He saw the small man stare, nod, stand watching, and finally disappear, and Gregory resume his former position and attitude against the side wall. Throughout the last act Gregory did not once look at the stage. He continued his steady, unwavering study of the man in the sixth row seat next the aisle, and Bassett continued his study of the little man.
His long training made him quick to scent a story. He was not sure, of course, but the situation appeared to him at least suggestive. With the end of the play he wandered out with the crowd, edging his way close to the man and girl who had focused Gregory’s attention, and following them into the street. He saw only a tall man with a certain quiet distinction of bearing, and a young and pretty girl, still flushed and excited, who went up the street a short distance and got into a small and shabby car. Bassett noted, carefully, the license number of the car.
Then, still curious and extremely interested, he walked briskly around to the stage entrance, nodded to the doorkeeper, and went in.
Gregory was not in sight, but the stage manager was there, directing the striking of the last set.
“I’m waiting for Gregory,” Bassett said. “Hasn’t fainted, has he?”
“What d’you mean, fainted?” inquired the stage manager, with a touch of hostility.
“I was with him when he thought he recognized somebody. You know who. You can tell him I got his automobile number.”
The stage manager’s hostility faded, and he fell into the trap. “You know about it, then?”
“I was with him when he saw him. Unfortunately I couldn’t help him out.”
“It’s just possible it’s a chance resemblance. I’m darned if I know. Look at the facts! He’s supposed to be dead. Ten years dead. His money’s been split up a dozen ways from the ace. Then —I knew him, you know—I don’t think even he would have the courage to come here and sit through a performance. Although,” he added reflectively, “Jud Clark had the nerve for anything.”
Bassett gave him a cigar and went out into the alley way that led to the street. Once there, he stood still and softly whistled. Jud Clark! If that was Judson Clark, he had the story of a lifetime.

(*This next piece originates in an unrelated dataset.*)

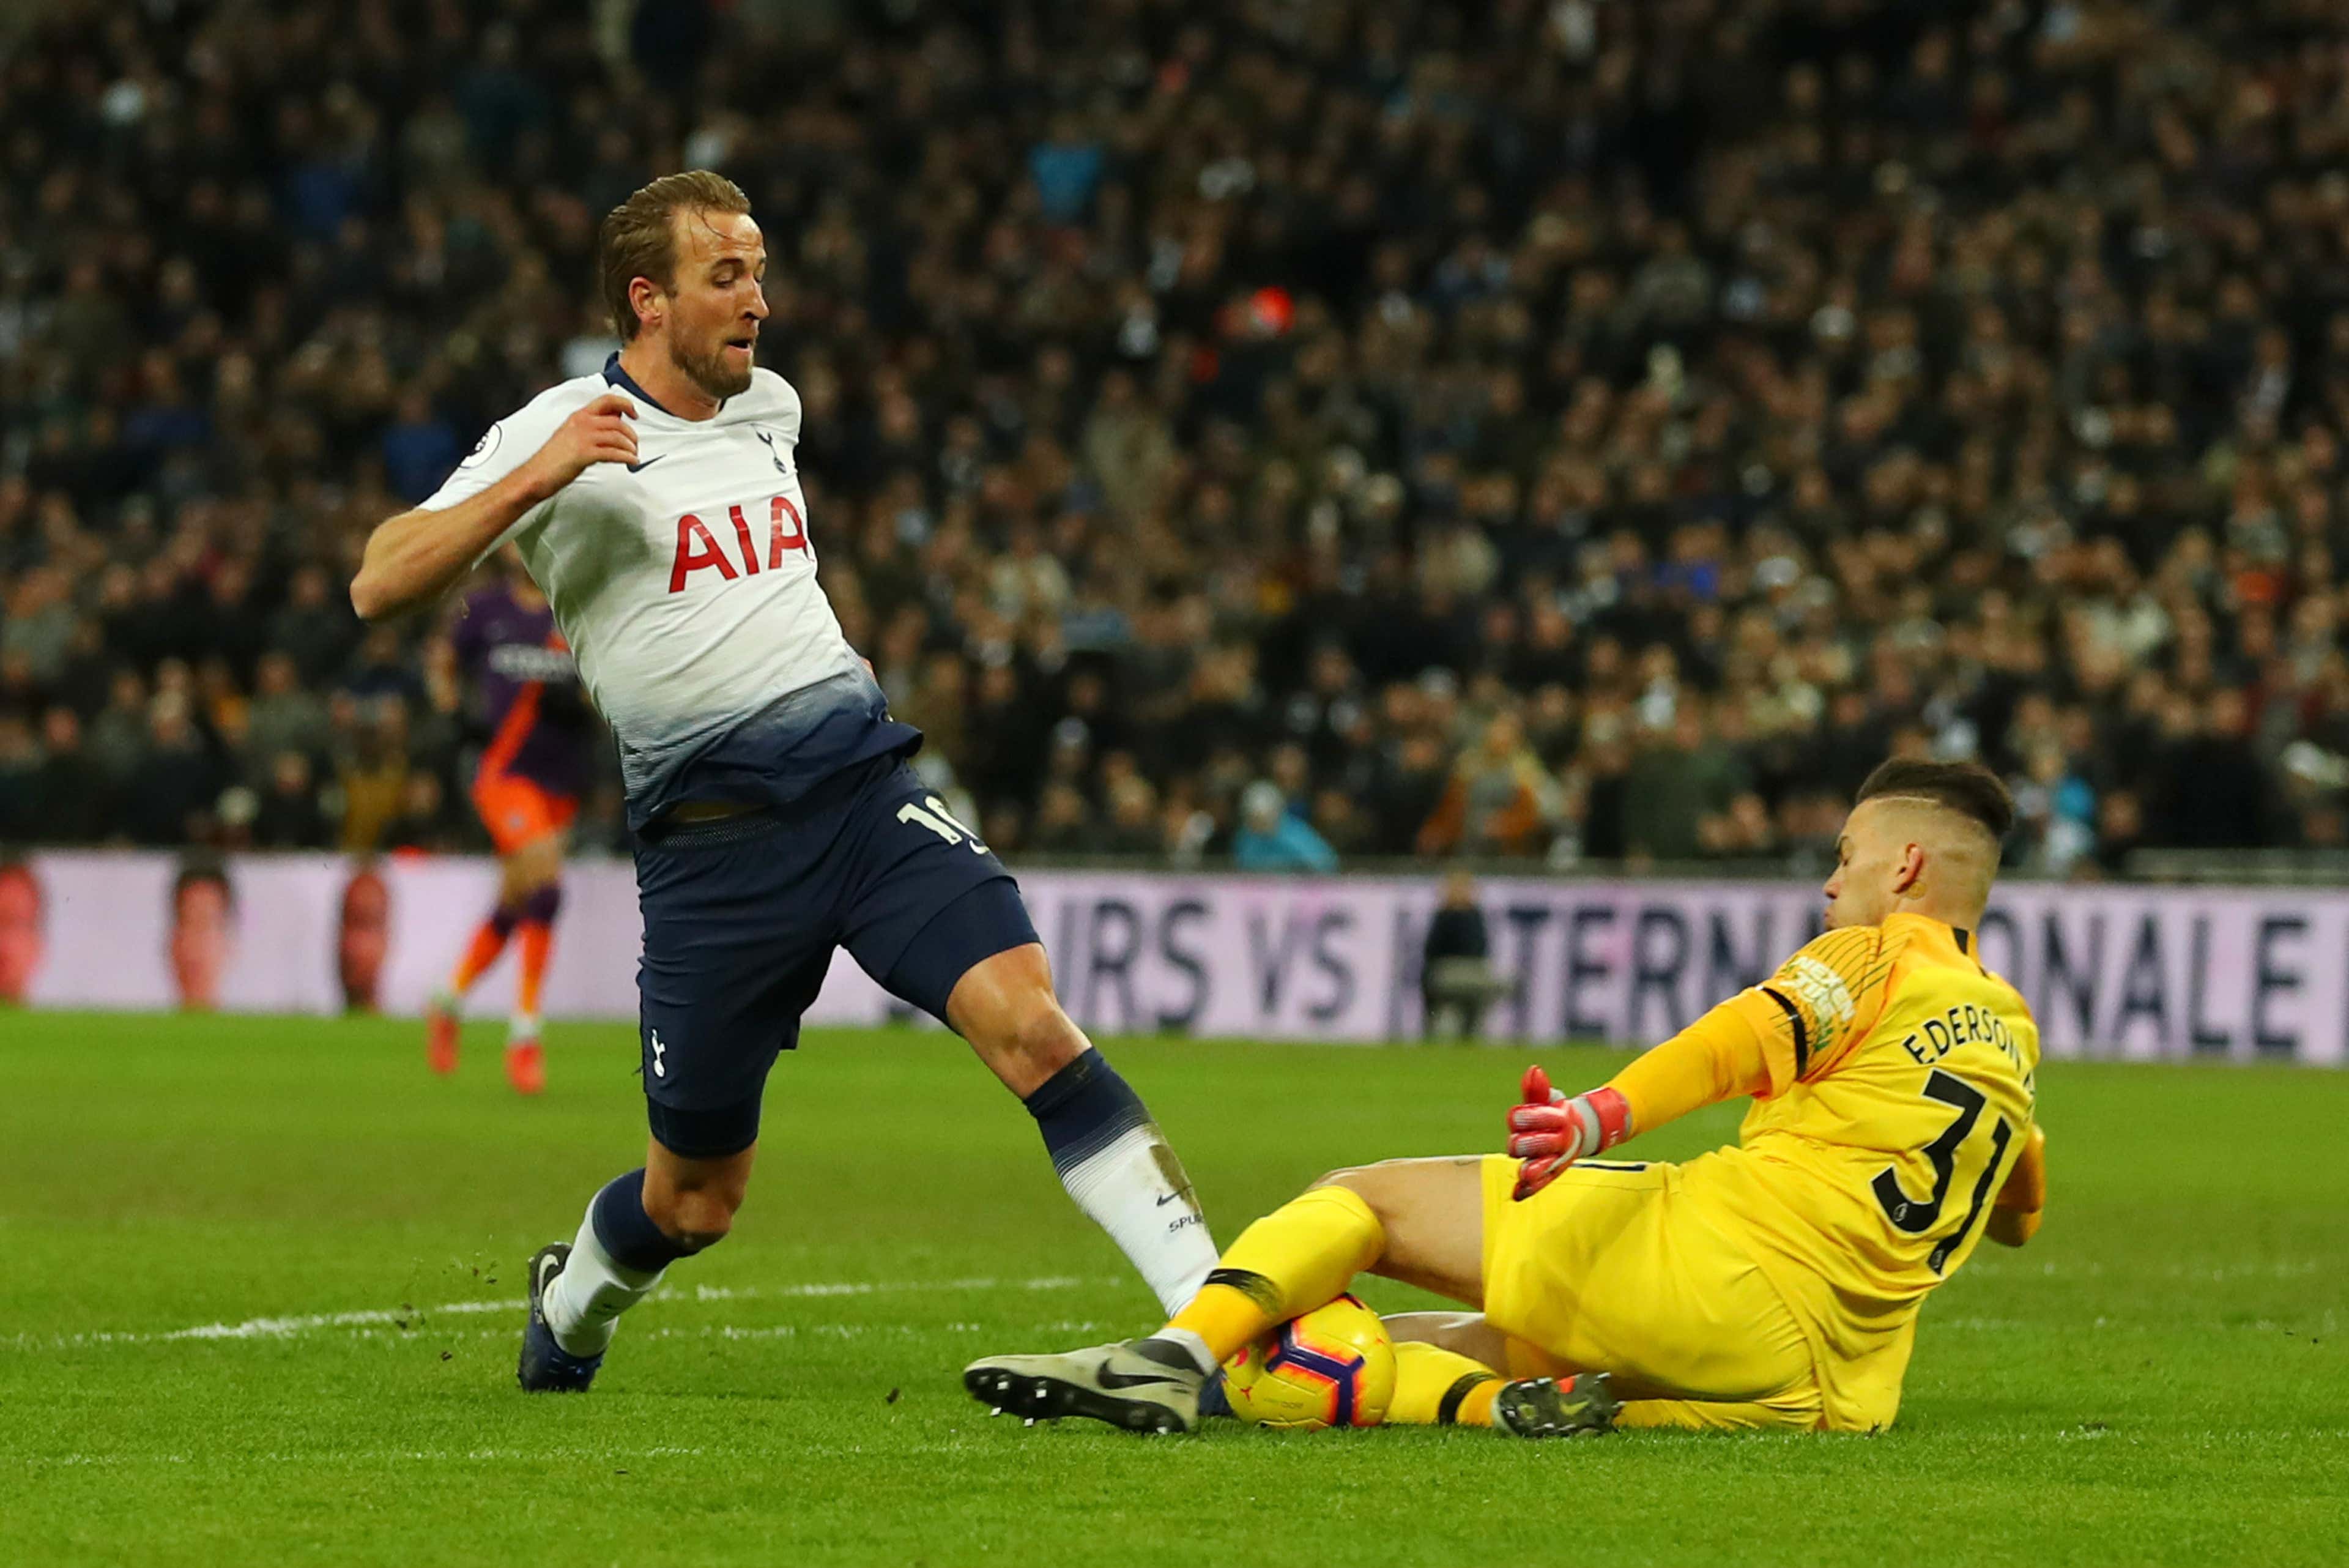 Manchester City vs. Tottenham prediction, odds, time: 2023 English

For some time he walked the deserted streets of the city, thinking and puzzling over the possibility of Gregory’s being right. Sometime after midnight he went back to the office and to the filing room. There, for two hours, he sat reading closely old files of the paper, going through them methodically and making occasional brief notes in a memorandum. Then, at two o’clock he put away the files, and sitting back, lighted a cigar.
It was all there; the enormous Clark fortune inherited by a boy who had gone mad about this same Beverly Carlysle; her marriage to her leading man, Howard Lucas; the subsequent killing of Lucas by Clark at his Wyoming ranch, and Clark’s escape into the mountains. The sensational details of Clark’s infatuation, the drama of a crime and Clark’s subsequent escape, and the later certainty of his death in a mountain storm had filled the newspapers of the time for weeks. Judson Clark had been famous, notorious, infamous and dead, all in less than two years. A shameful and somehow a pitiful story.